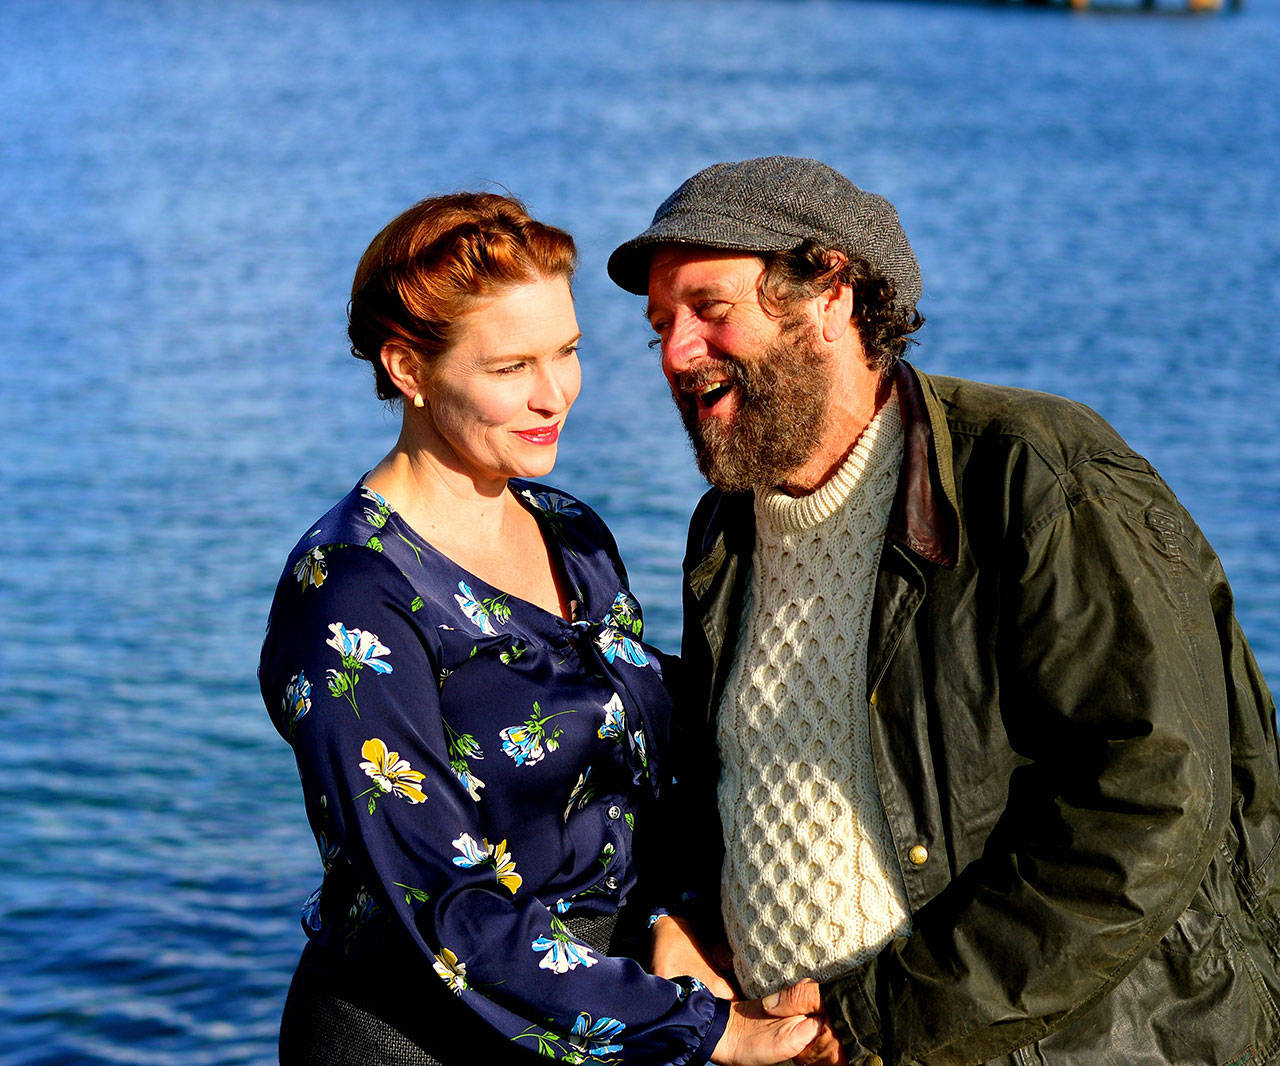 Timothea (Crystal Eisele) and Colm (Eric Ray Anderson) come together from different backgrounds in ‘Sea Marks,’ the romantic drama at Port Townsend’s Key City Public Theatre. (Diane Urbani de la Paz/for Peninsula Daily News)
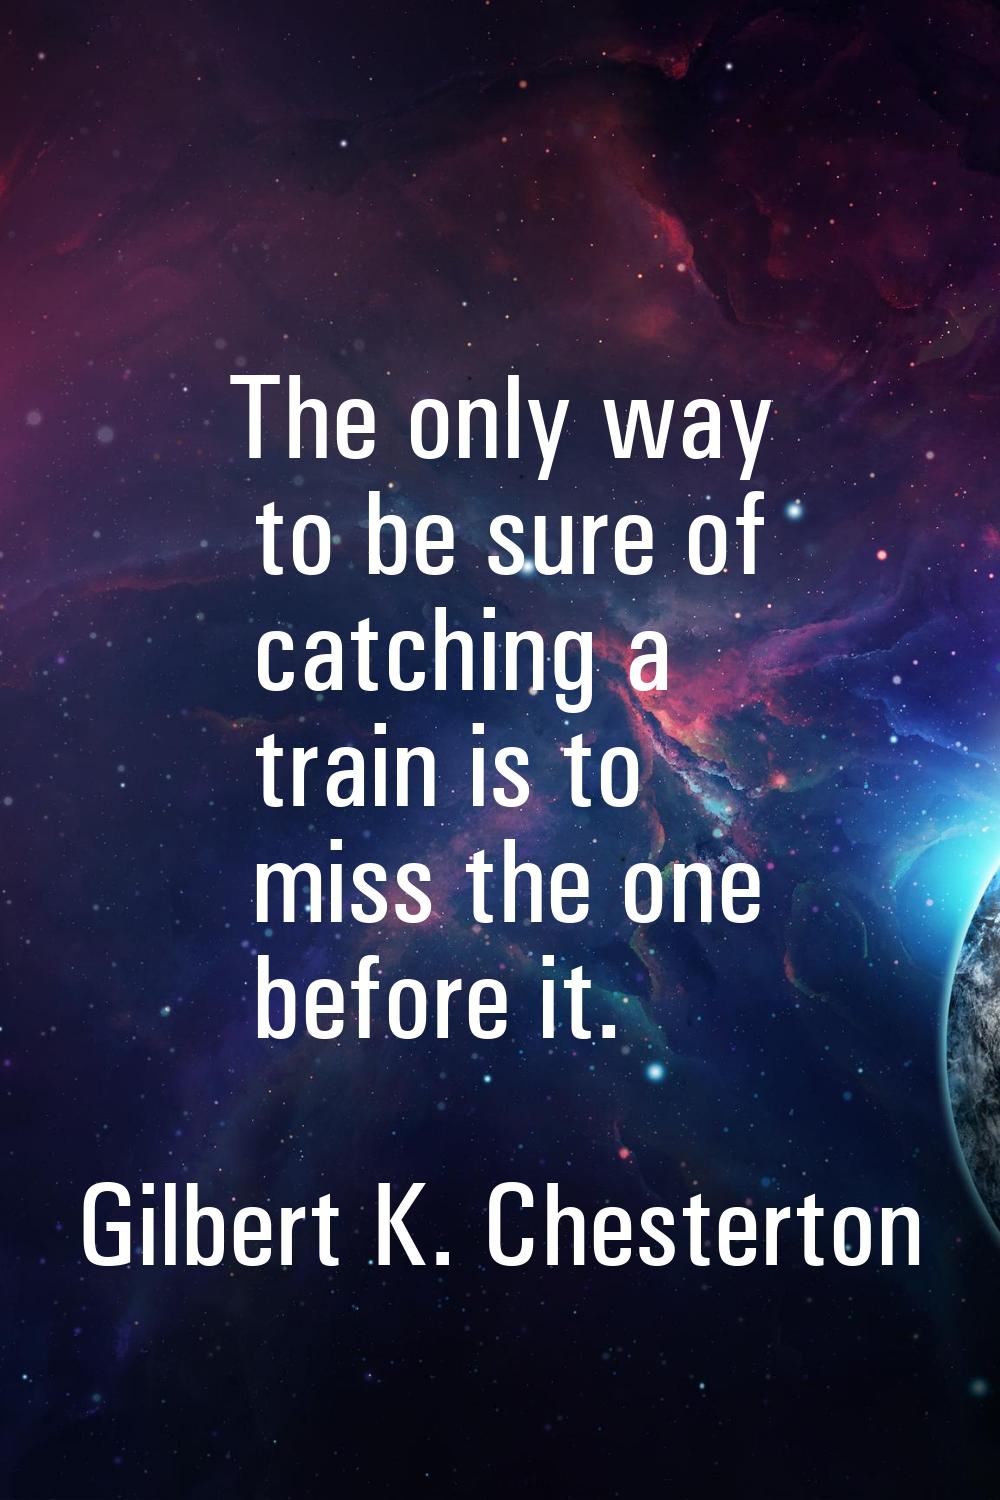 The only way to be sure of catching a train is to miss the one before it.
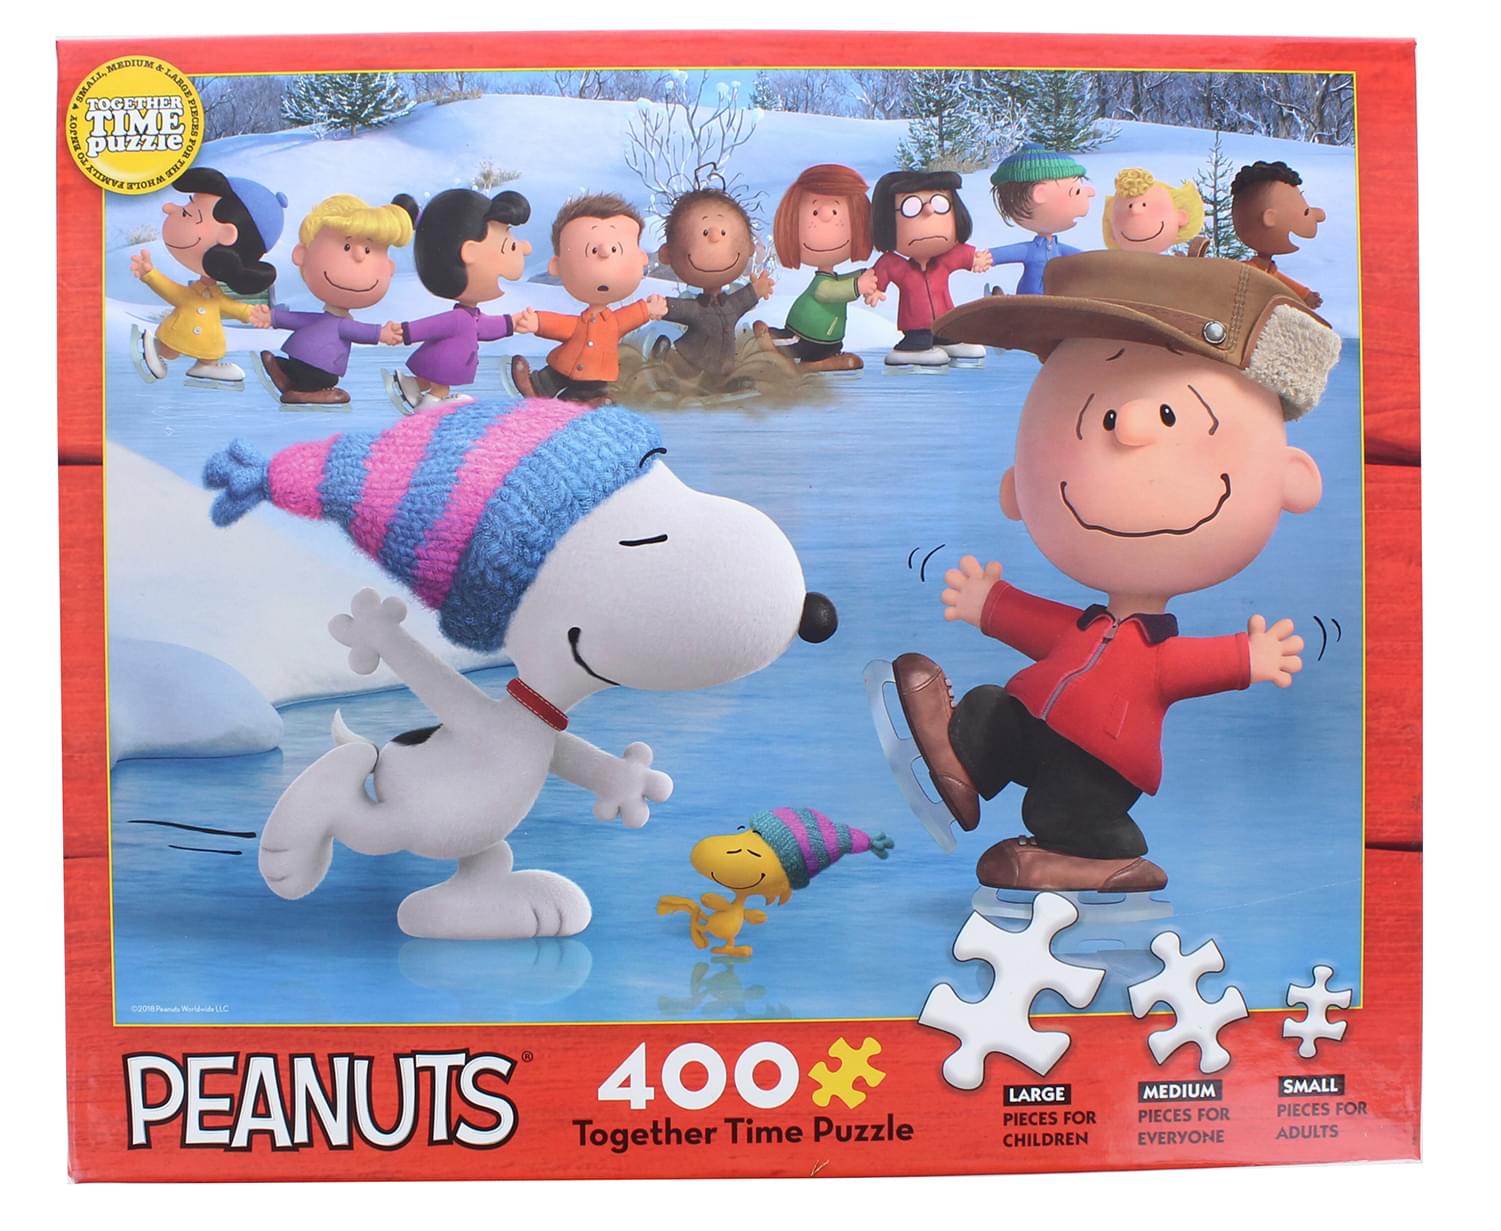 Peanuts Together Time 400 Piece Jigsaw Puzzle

========================================================================

Emit the lines of the data above from the one containing "The only way" through its final line, both endpoints included. Pictures do not belong in the output.

 The only way to be sure of catching a train is to miss the one before it.
 Peanuts Together Time 400 Piece Jigsaw Puzzle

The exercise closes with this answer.